Based on comparisons to the artist’s most famous sculptural works, one can deduce that the circles at the bottom of this piece originated from bottle caps. The story of Anatsui’s use of discarded bottle caps is immensely powerful. I hope every audience member researches this because it is, if I dare to even say, life changing. These circles make me think of today’s challenges in environmental justice. This piece takes an ongoing global issue and literally illuminates it on a frail but sturdy aluminum sheet.

Although El Anatsui’s use of purple and orange differs from the traditional red, gold, and green of the Kente fabric, this piece shares with Kente a core purpose of glorifying the power of color. It commands each one of us to stare a second longer, wondering where these circles originated and how they can illuminate and inform the future paths we take.

—Pearl Akoto ’24


Growing up in Ghana among four brothers, the colour pink was forced on me. Whether someone was buying us similar gifts or very different gifts, pink was always “the colour for Afua.” Having pink always made me feel insignificant because it was my least favourite colour and I always wanted blue, so I felt like no one cared about what I liked, wanted, or my opinions. Today, by contrast, the dominance of the pink in El Anatsui’s work makes me somehow feel seen and represented.

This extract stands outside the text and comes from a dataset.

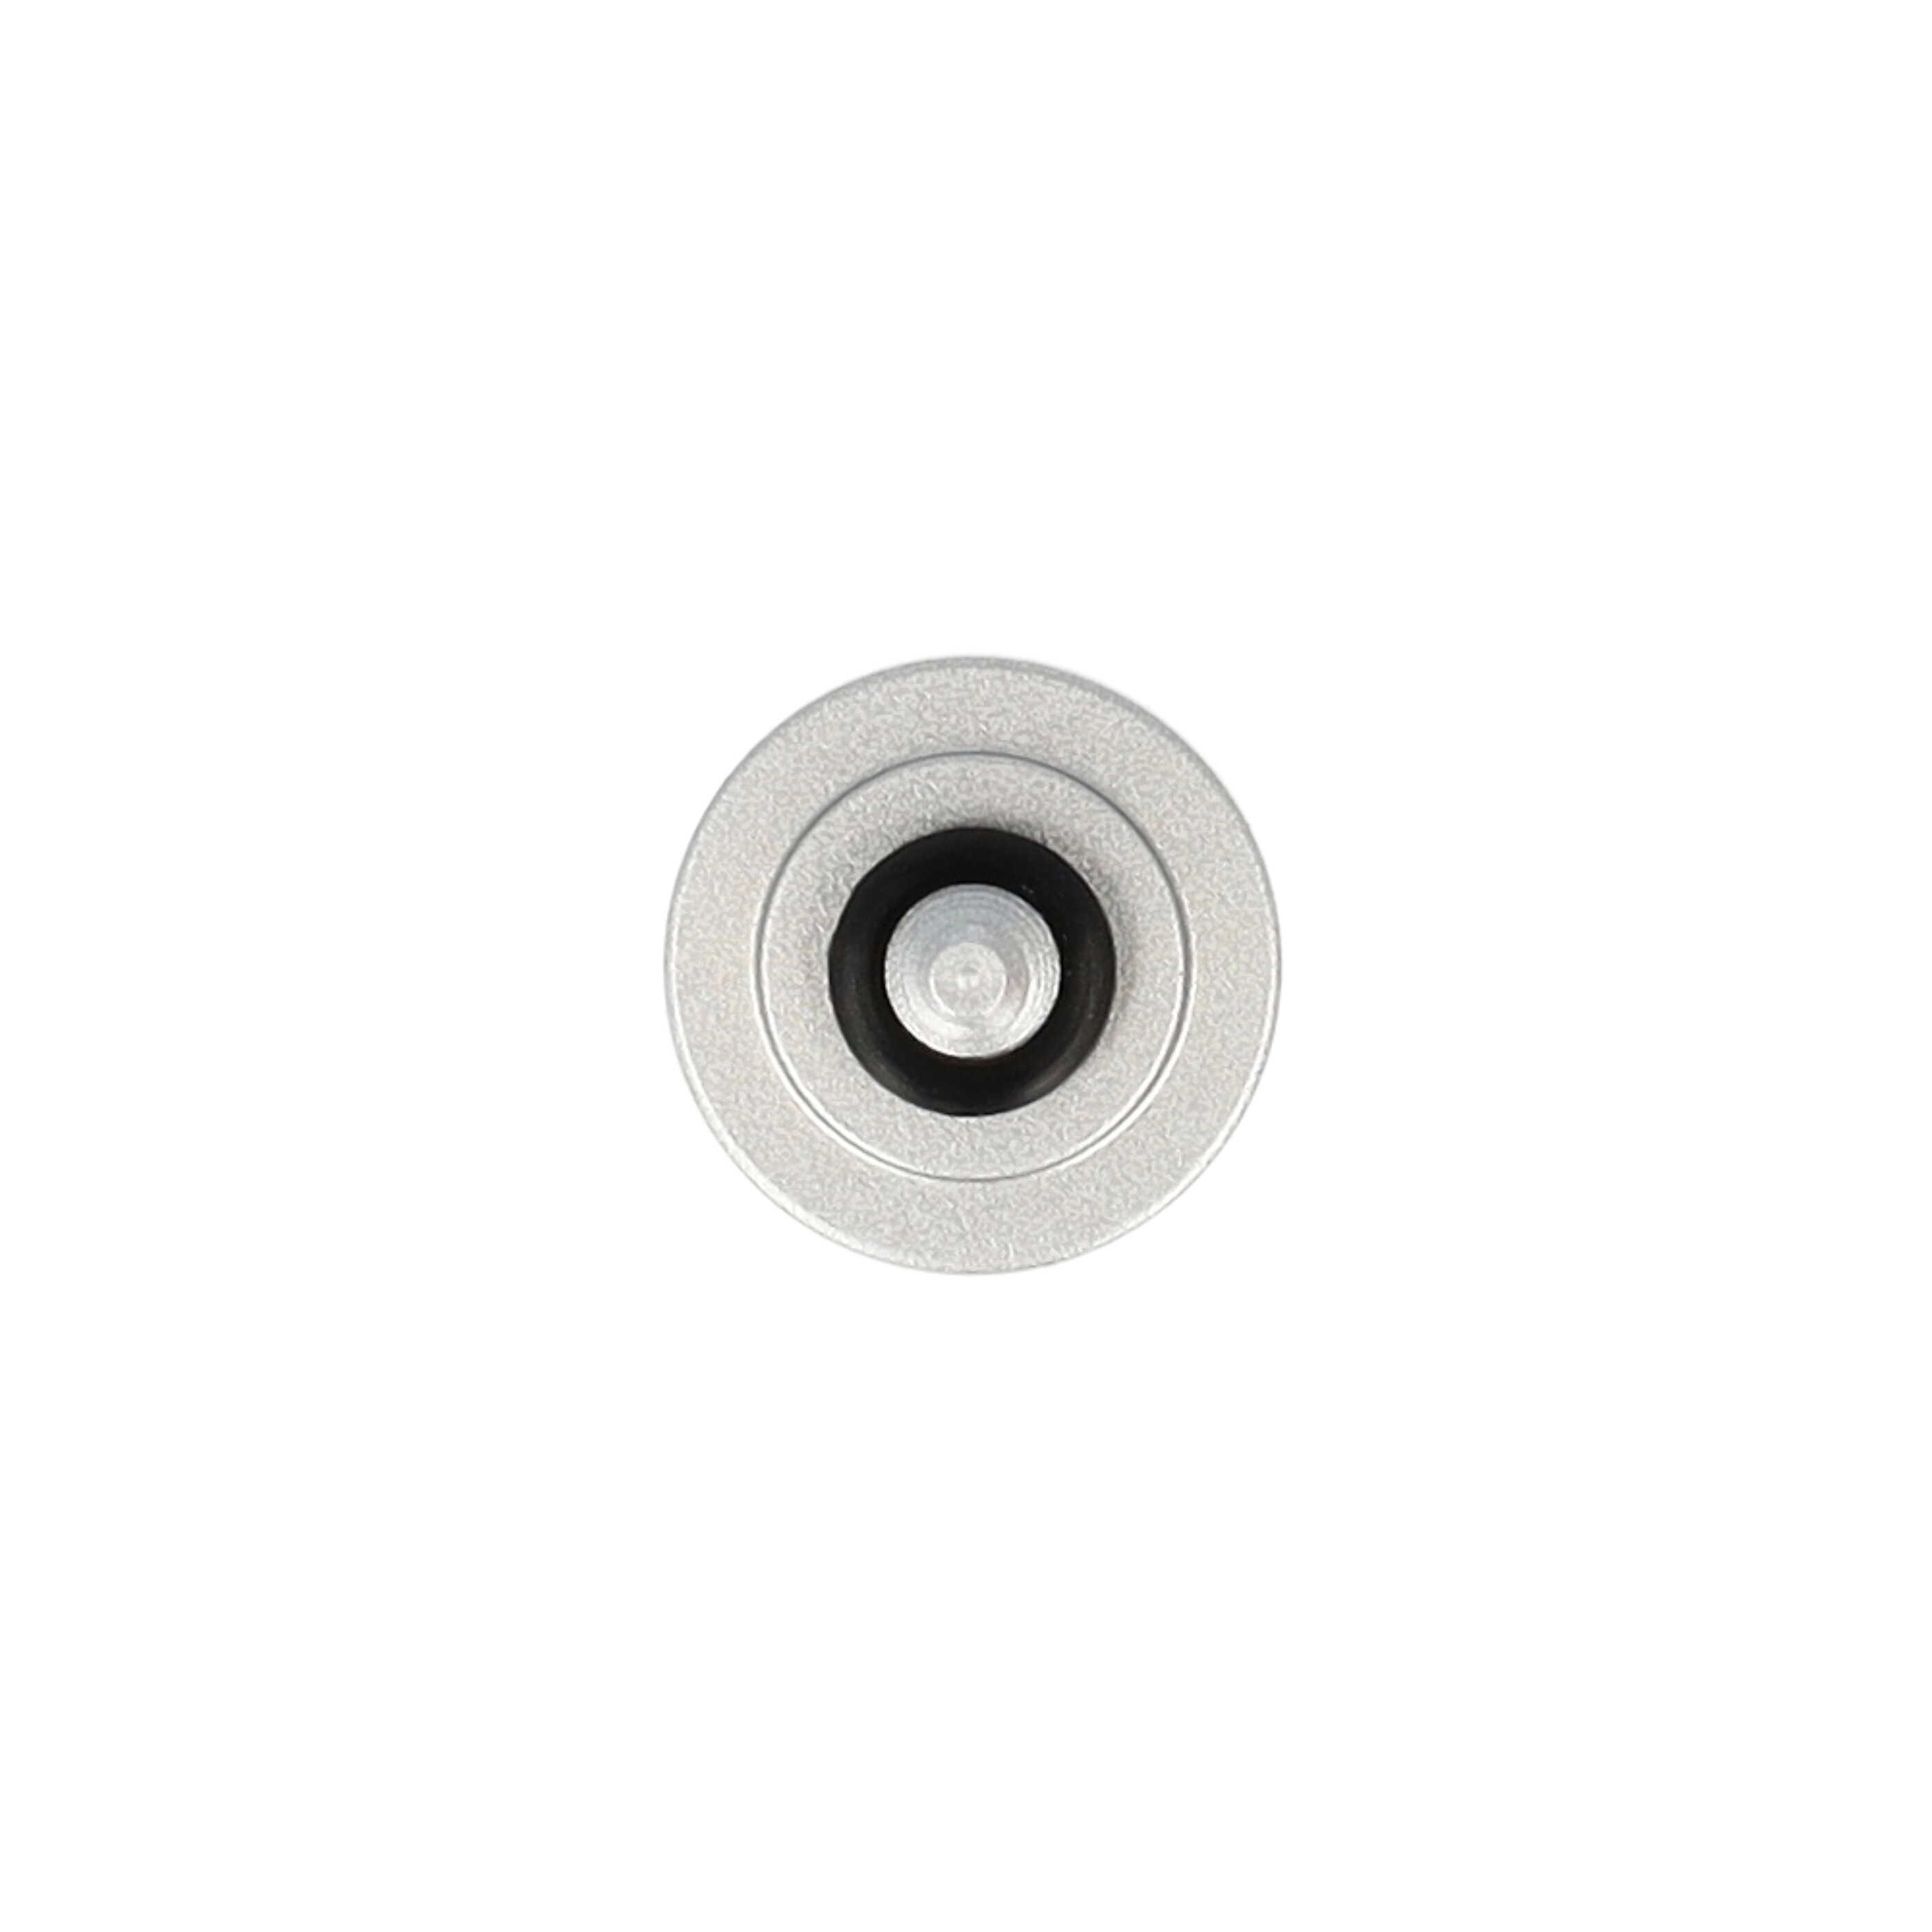 Przycisk spustu migawki do aparatu X-E1 Fujifilm - metal, srebrny

Likewise, having an artwork made by a Ghanaian artist placed in the college’s museum, as well as being asked to write a label for this piece, gives me a bit of hope. It helps me believe that both the college and the museum are actually making efforts to hear and represent people of colour and not just saying sweet things.

—Afua Amoa Bonsu ’23


Influenced by living in Africa and as a printmaker and collector of prints and textiles, I am particularly enamored with this work by El Anatsui. At first glance, I was surprised to discover this was a printed piece. The texture created by the layered colors on top of a crumpled aluminum substrate give the piece depth and dimension akin to a dappled leather hide or perhaps an abstract topographical map. With this piece El Anatsui creatively pushes the boundaries of what we typically imagine a limited edition print to be.

—Chris Murray, artist

AuthorDouglas Perkins

Douglas Perkins '94 is Associate Director for Operations and Finance at the Middlebury College Museum of Art and steward of the museum's digital presence.

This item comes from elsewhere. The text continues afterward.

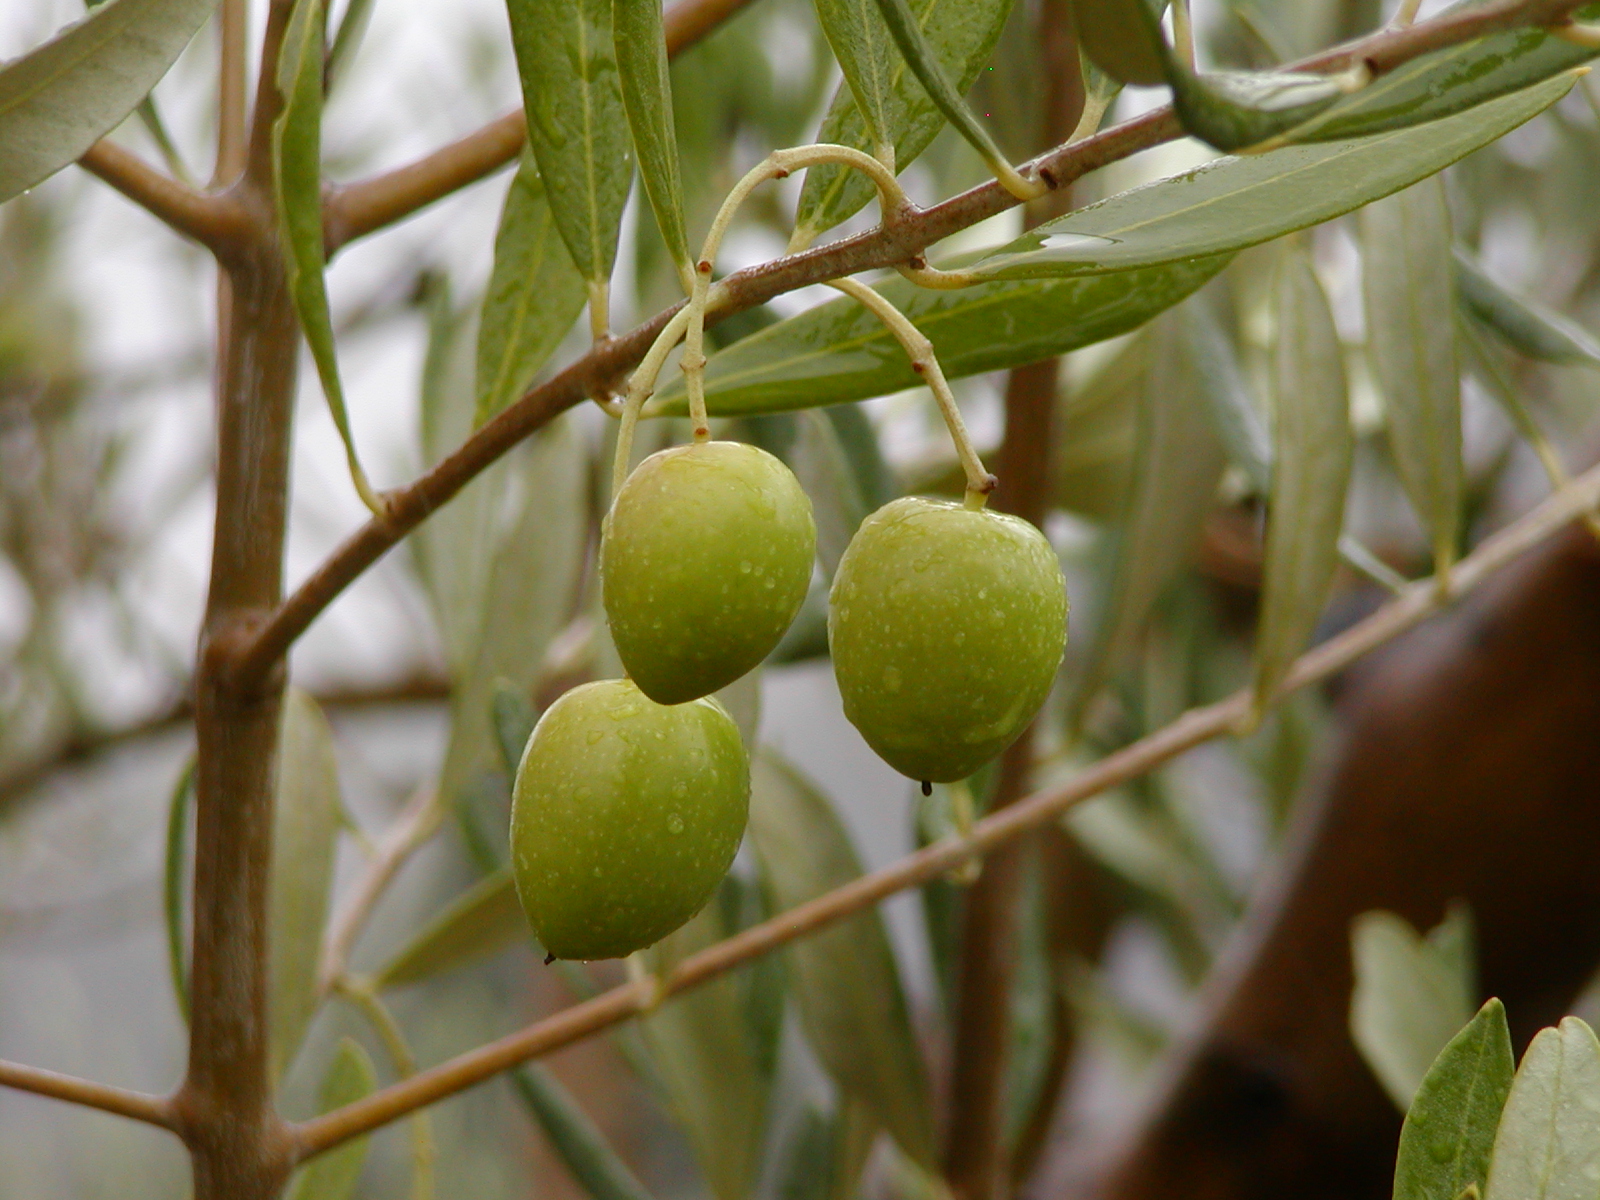 olives used for olive oil

One reply to Label Talk: El Anatsui’s Untitled (with Red)

  1. The Heineken-cap journey

    Down I look, from the top shelf,
    A bent and tired-looking Olukuchi walks in,
    I turn to my brother on the left,
    To gossip about Olukuchi,
    But my brother waves from the trash can,

    He had opened the aspirin that Olukuchi’s pain needed,
    I watched as Olukuchi chugged,
    Glass after glass of Heineken ,
    With his eyes closing after each chug,
    And I saw his atrocities in his closed eyes,

    His sick wife slowly dying in his bed,
    His malnutritional children crying,
    His bare famine-stricken farmland,
    His rejected job applications,
    His doom,

    The rest of us,
    End up in a trash can,
    A truck picks us up in the morning,
    Some of us fall on the streets and bushes,
    The rest of us are dumped somewhere,

    My new master picks us up,
    Cleanse us off our filth and stink,
    Hammers and pounds us,
    Beautifully deforming us to unique patterns,
    Then binds us together with copper wire,

    Only when hanged on walls,
    Do people see our beauty and grandeur,
    We’re waste no more,
    We’re flexible and malleable,
    We’re unique and eye-catching,

    Some of us are shipped overseas,
    Hanged on their museums and walls,
    To remind them of history,
    The transatlantic slave trade,
    Or perhaps colonialism,

    We get tired of hanging outside,
    Out in the sun, rain, wind, snow,
    Our master scans us on aluminum,
    To preserve our legacy,
    Or perhaps he fears history will repeat itself,

    All of us,
    United by the thin copper wire,
    Tell the story of Olukuchi,
    To the people on the globe,
    Because to understand the now,
    They need connection to the past.